Support for larger child tax credit spreads to Senate GOP

.

Taxpaying American parents have been hit with a tax hike yearly since 2018 because inflation has eaten up 25% of the value of the $2,000 child tax credit, or CTC.

In response, Freshman Senator Jim Banks (R-IN) is taking up the pro-family banner in the Senate, introducing a bill to increase the CTC to $3,000 for school-aged children and $4,200 for younger kids. His bill is nearly identical to a House bill, the “Family First Act,” sponsored by Rep. Blake Moore (R-UT).

Banks hasn’t issued an announcement about the bill yet, but his office confirmed that he’s introducing it today.

Both the House and Senate bills would offset the revenue loss of increasing CTC by reducing other tax breaks. Banks would abolish the deduction for state and local income taxes, a tax break that almost entirely goes to the wealthy. The bill also includes a work requirement: A couple gets the full CTC value only if they earn at least $20,000.

Banks, like Moore in the House, would also “pay for” his higher CTC by folding in the value of narrower, more complex tax breaks for parents.

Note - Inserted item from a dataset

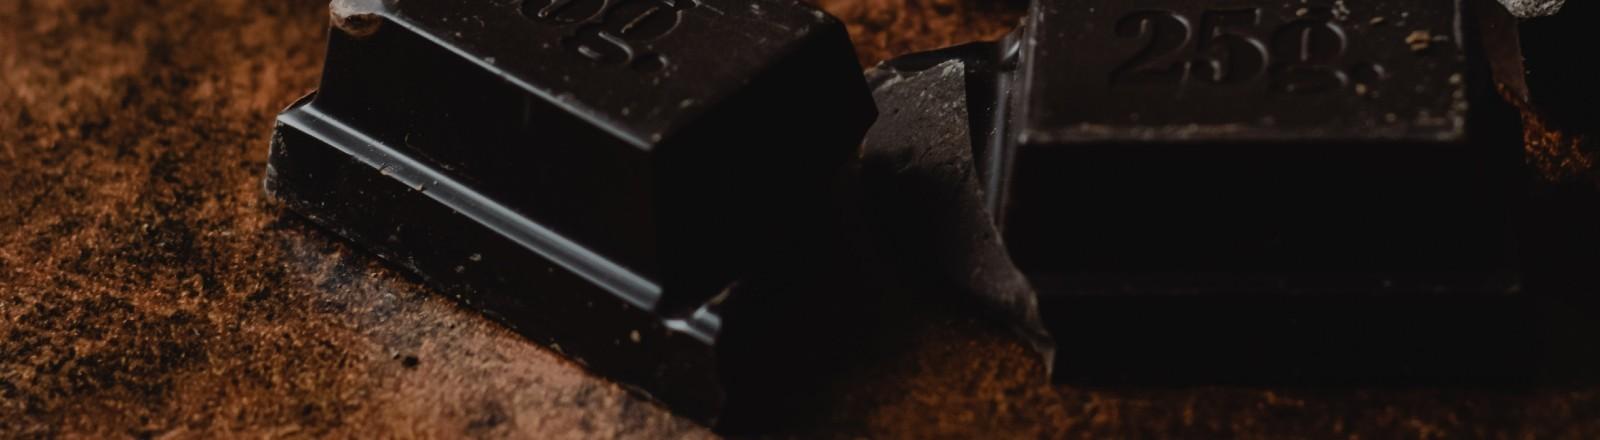 Eine Nahaufnahme einer dunklen Schokolade

For instance, the Child and Dependent Care Tax Credit subsidizes formal daycare for working parents and is claimed by only 12% of parents (with most of the benefit going to wealthier parents).

Banks’s Senate bill and Moore’s House bill would abolish this daycare tax credit and fold the value into a higher CTC, which parents would then be free to spend on childcare if they wish. Alternatively, parents could use the money to work less, hire babysitters or other informal daycare, move closer to grandma, or pay for someone to clean the house and mow the lawn, freeing up Mom and Dad to take care of the child.

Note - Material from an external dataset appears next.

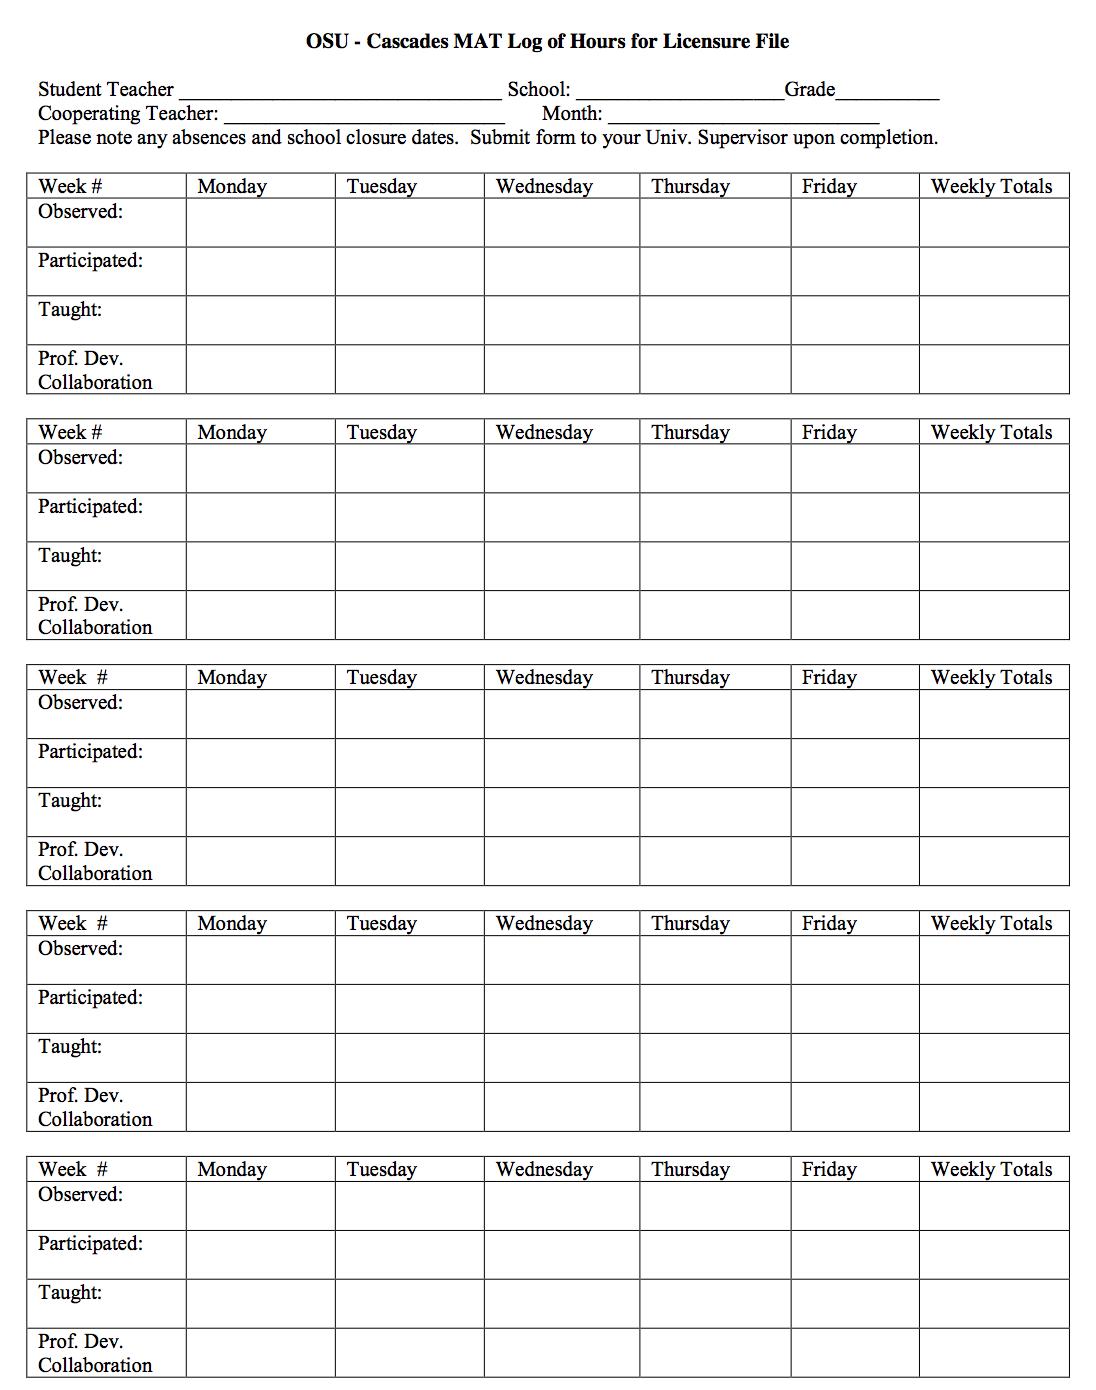 Log of Hours Form - OSU-Cascades MAT Handbook

For many parents, family tax breaks are currently smaller than they were before the Tax Cuts & Jobs Act went into effect in 2018. TCJA doubled the CTC (for children under age 17), but it abolished the personal exemption.

Here’s the math: If TCJA were to expire, the personal exemption would come back at $5,300 in 2026. The median family household with kids earns a bit more than $120,000, which means that about half of married American families are in the 22% bracket or higher. Do the math, and you will see that the $5,300 exemption would be worth $1,166 for families in that bracket. Combine that exemption with the old $1,000 tax credit, and that would be a bigger per-child tax break than the current one — again, thanks to inflation.

This comparison also highlights how the CTC isn’t really a family subsidy but a matter of basic fairness. The CTC recognizes that a household earning $125,000 with four people is less wealthy than a house earning $125,000 with two people and, therefore, should be taxed less.

THE BABY BUST HITS 30 SOMETHINGS

Meanwhile, as U.S. birthrates are at record lows and are falling, a family subsidy might not be a bad idea.

With conservatives pushing this legislation in both chambers, maybe family tax breaks will move to the center of the GOP conversation.